So, we're sitting in a restaurant the other week with Alex and his work folks. They threw him a good bye party because he's now in school at USC and no longer at his internship any more. We got to talking about French and how Alex has tried to show the kids a few words and phrases in French. So, my son feels that it is now time to contribute to the conversation. He tells us that he remembers two words in French! Oh really? I ask. Which two do you remember!
"Eau and merde!" he says proudly.
I laughed my ass off. My five-year-old is fully capable of asking for water or screaming out SHIT! in French. What more did I ever want out of life?
My dad is from Kentucky, Louisville to be precise. His uncle was a bookie when my dad was a teen. The uncle constantly was trying to convince my dad he should be a jockey because of his height (or lack thereof). At 5'6", he probably was indeed the right size to be one. I suppose that's why he sent me this joke...
THE PROBLEM WITH HIGH URINALS.....
A group of Kentucky second, third, and fourth graders, accompanied
by two female teachers, went on a field trip to Churchill Downs, the
famous Louisville race track, to see and learn about thoroughbred
When it was time to take the children to the bathroom, it was
decided that the girls would go with one teacher and the boys would
go with the other. The teacher assigned to the boys was waiting
outside the men's room when one of the boys came out and told her
that none of them could reach the urinal. Having no choice, she went
inside, helped the boys with their pants, and began hoisting the boys
up, one by one, holding onto their "wee-wees" to direct the flow away
from their clothes.
As she lifted one, she couldn't help but notice that he was
unusually well endowed. Trying not to show that she was staring, the
teacher said, "You must be in the fourth grade."
HE REPLIED: "No, ma'am, I'm riding Silver Arrow in the 7th race
And the last language issue today...male vs. female communication.
Remember how I told you that my son is so precise with his language? He is a creature of logic on so many issues, even when you throw his heart into the matter. My daughter, however, has a different approach. My children actually had a fight in the car today because of just these differences.
See, my daughter started saying how I was the best mom in the world. Then she expanded it to state that I was the best mom in the universe. My son denied that this idea had merit. My daughter started screaming at him that he couldn't love me so much if he could say such a thing. That, of course, upset my son. See, my son is the ultimate momma's boy. If you ask him who his favorite person is, he says, MOMMY! If you ask him who his second favorite person is, he'll say, "There's no one but MOMMY!" (sometimes he'll respond "Kate!"--Alex's sister--and then grin at Ariana like the devil knowing that answer would piss her off. She's ok with being second to me, but she's not going to be third on her brother's list!). My son often tells me he wants to be with me for the rest of his life and that nobody is more important to him than me. That if he had just one person in the world near him, it would be ME. I don't feel a lack of love there. I feel rather secure, in fact. So, I felt that Mr. Science Brain had a much more logical reason for why he couldn't say that I was the best mommy in the universe. Suddenly, as Ariana is sobbing, he explains:
"Well, she's the best mom in our family for sure, and I don't know of a better mommy, but I don't know all the mommies in the universe. Chances are good that some mommy somewhere might be greater even if piles are not as good."

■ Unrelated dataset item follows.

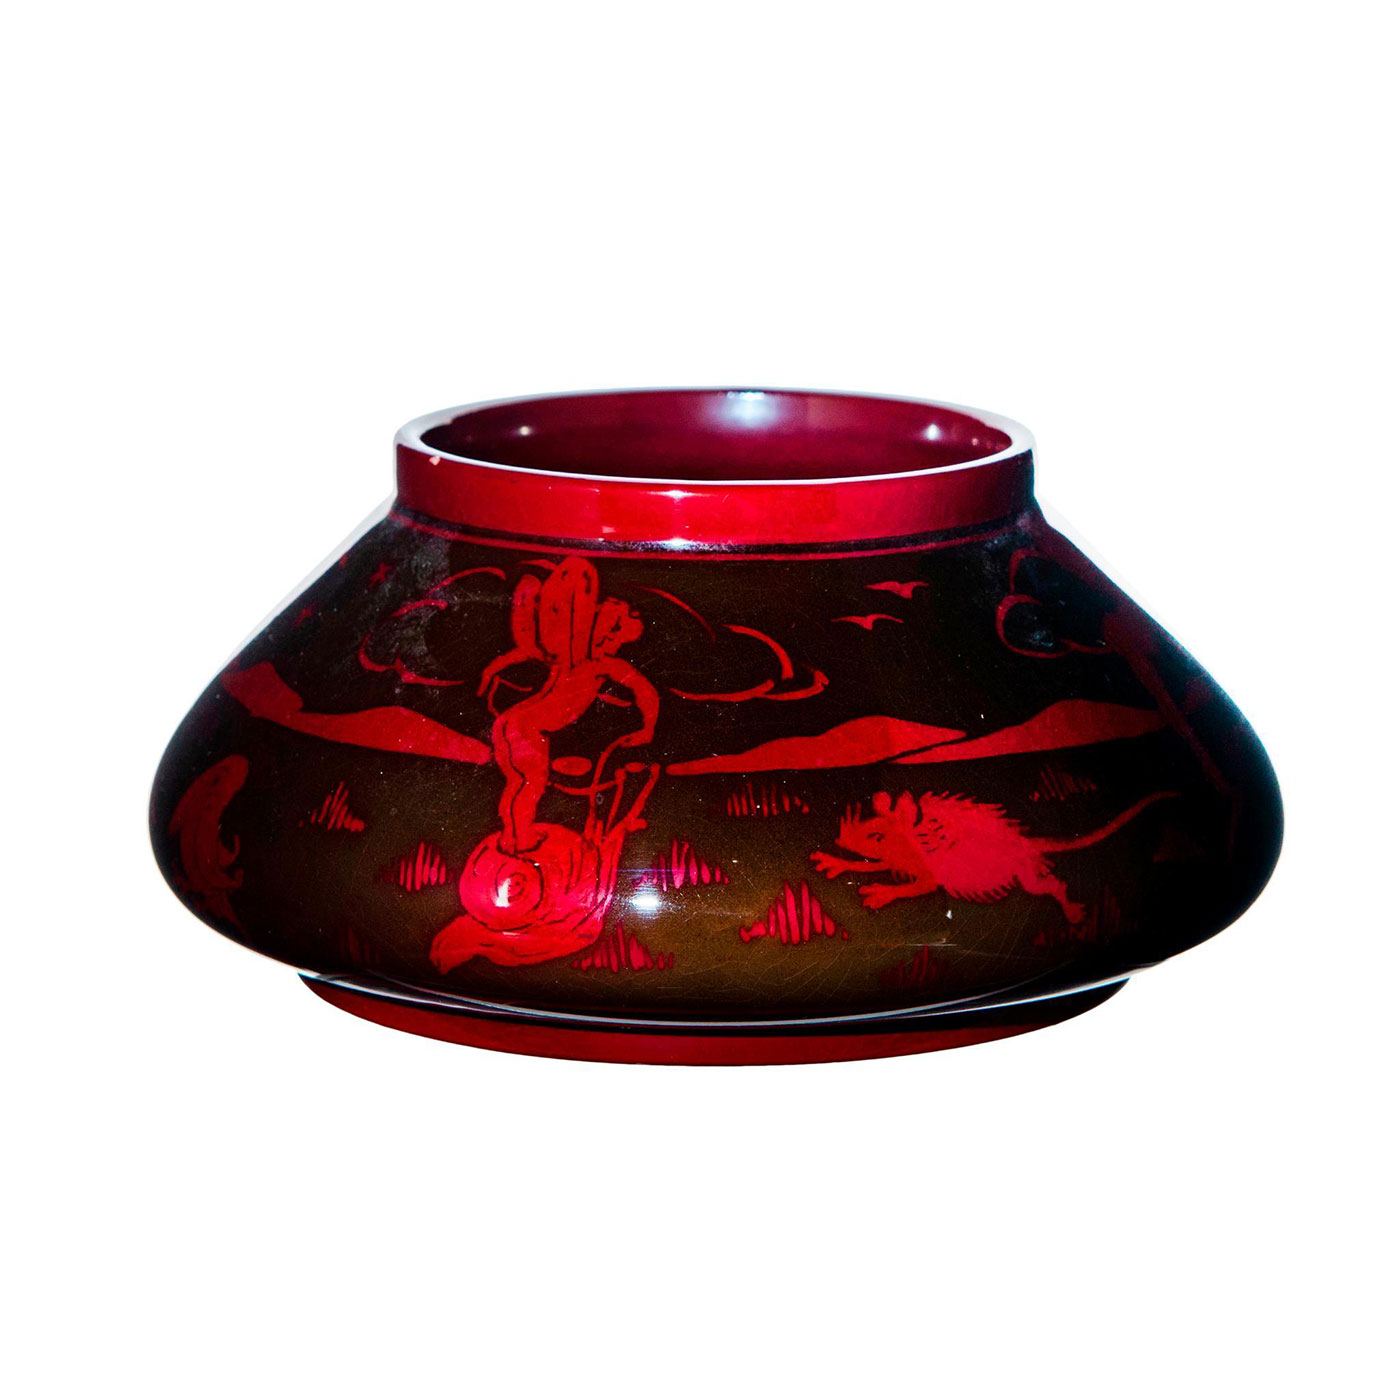 Bernard Moore Art Pottery Flambe Vase - Image 3 of 4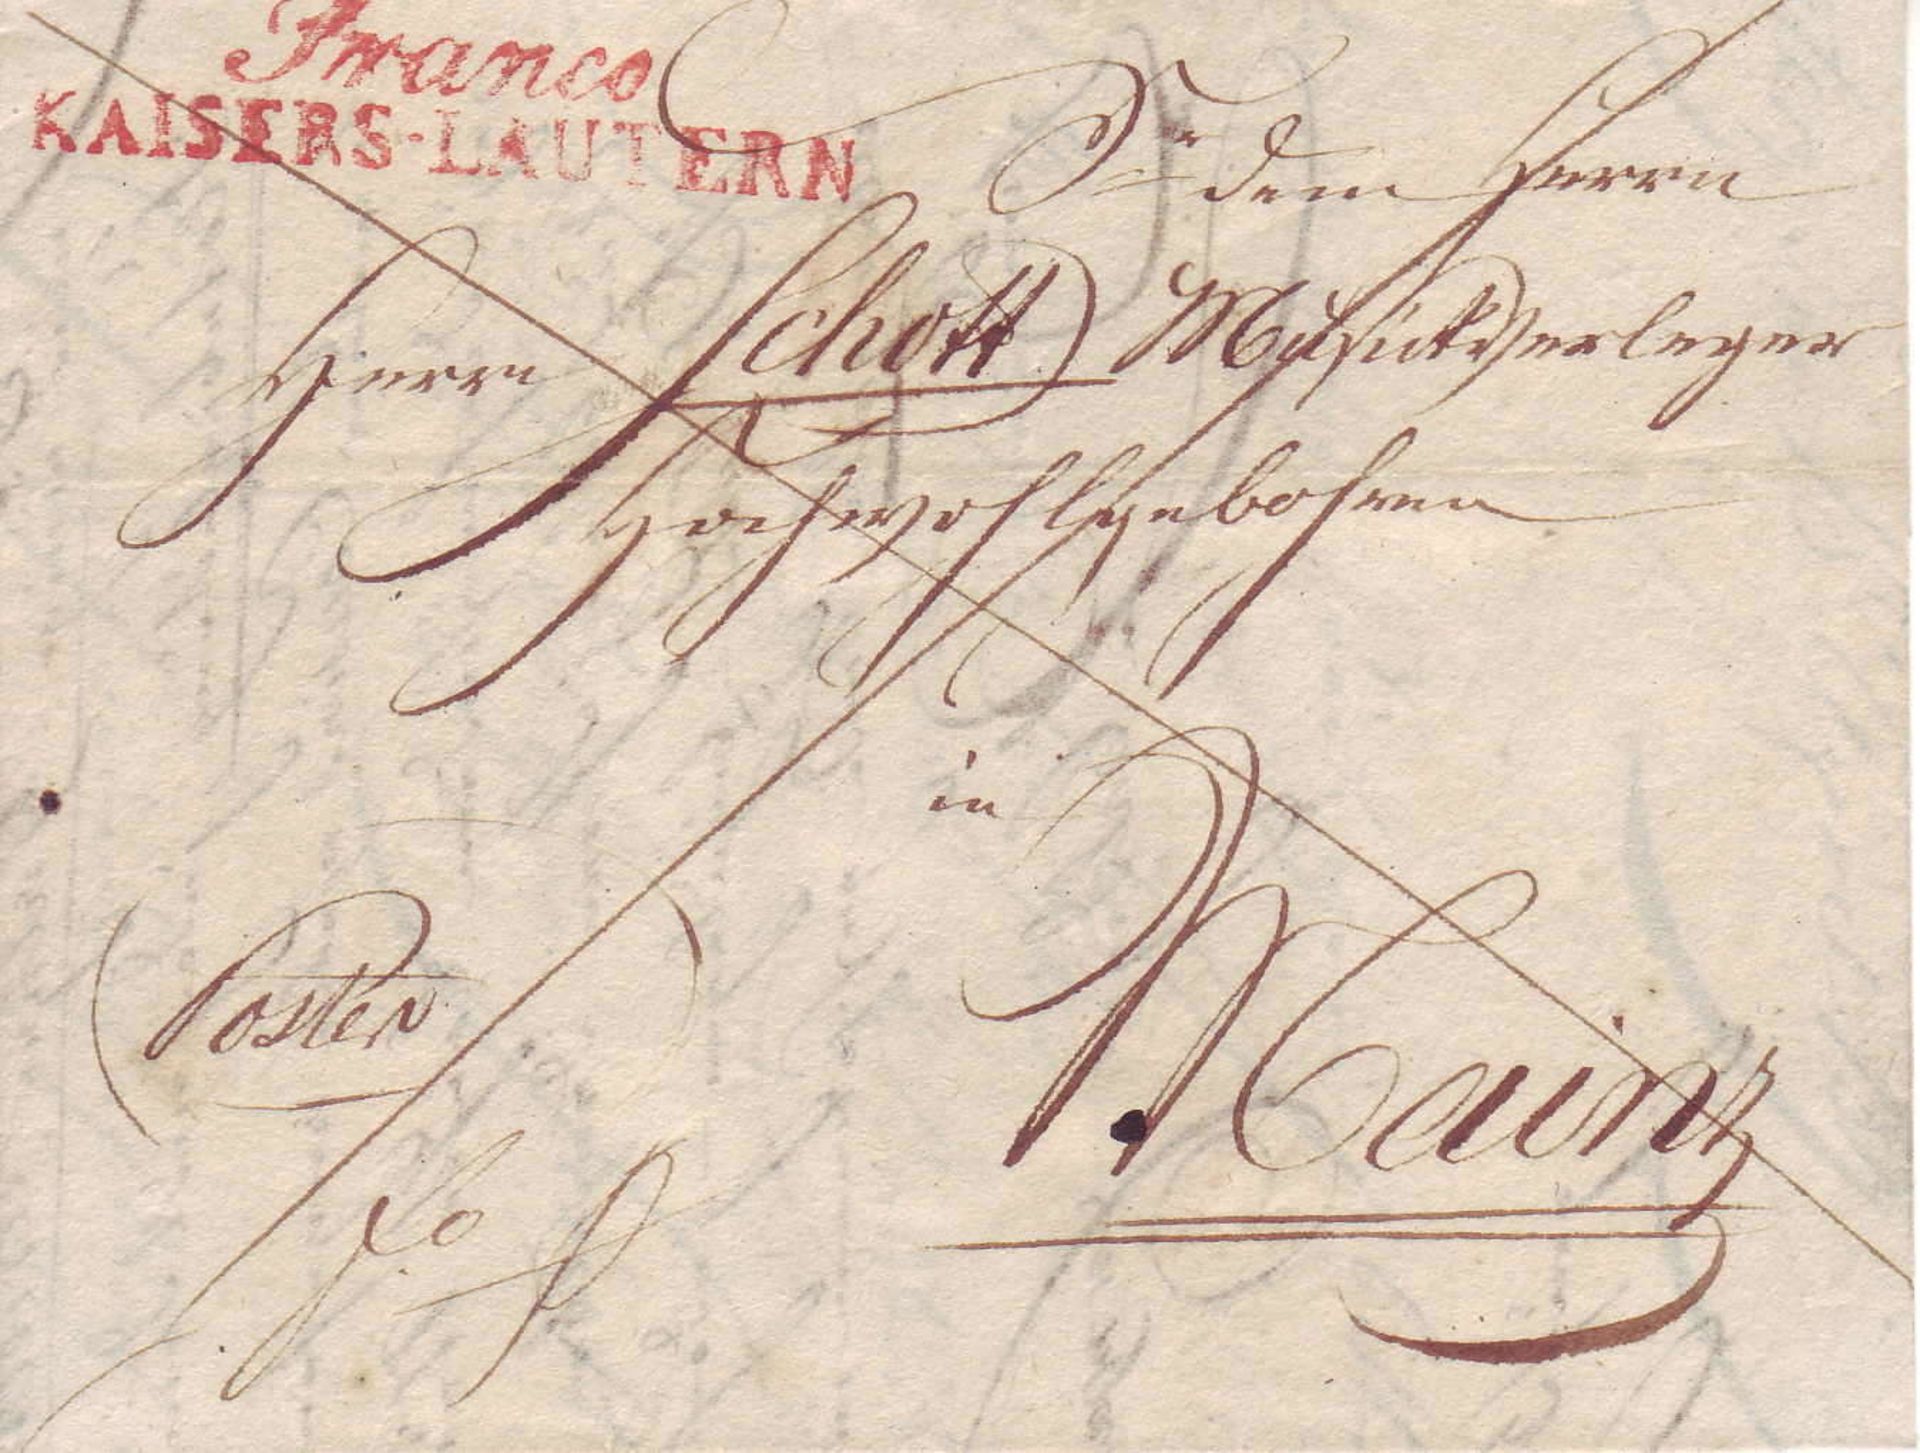 Beleg Vorphilatelie, mit rotem Stempel "Franco Kaiserslautern" Document prephilatelie, with red

Ariana rejected that idea. "NO! You can't love her if you say that. If you don't KNOW of any other mommy better than her, she's the best mommy in the universe!"
I just tried to drive the damn car and stay out of it. But there you go...difference in approaches. The end result was that they were both upset, too. Jared was upset that Ariana accused him of not loving his mother. Ariana was upset that he wouldn't just say that I was the best mommy anywhere, thinking--truly--that it meant that her brother didn't love me "enough." I tried to tell them both that I knew they both loved me and I was ok with how they expressed it, but they ignored me. Woohoo! And they aren't even teens yet! But the good news is...if they learn from each other...when they reach dating age, at least they'll understand how the opposite sex typically communicates.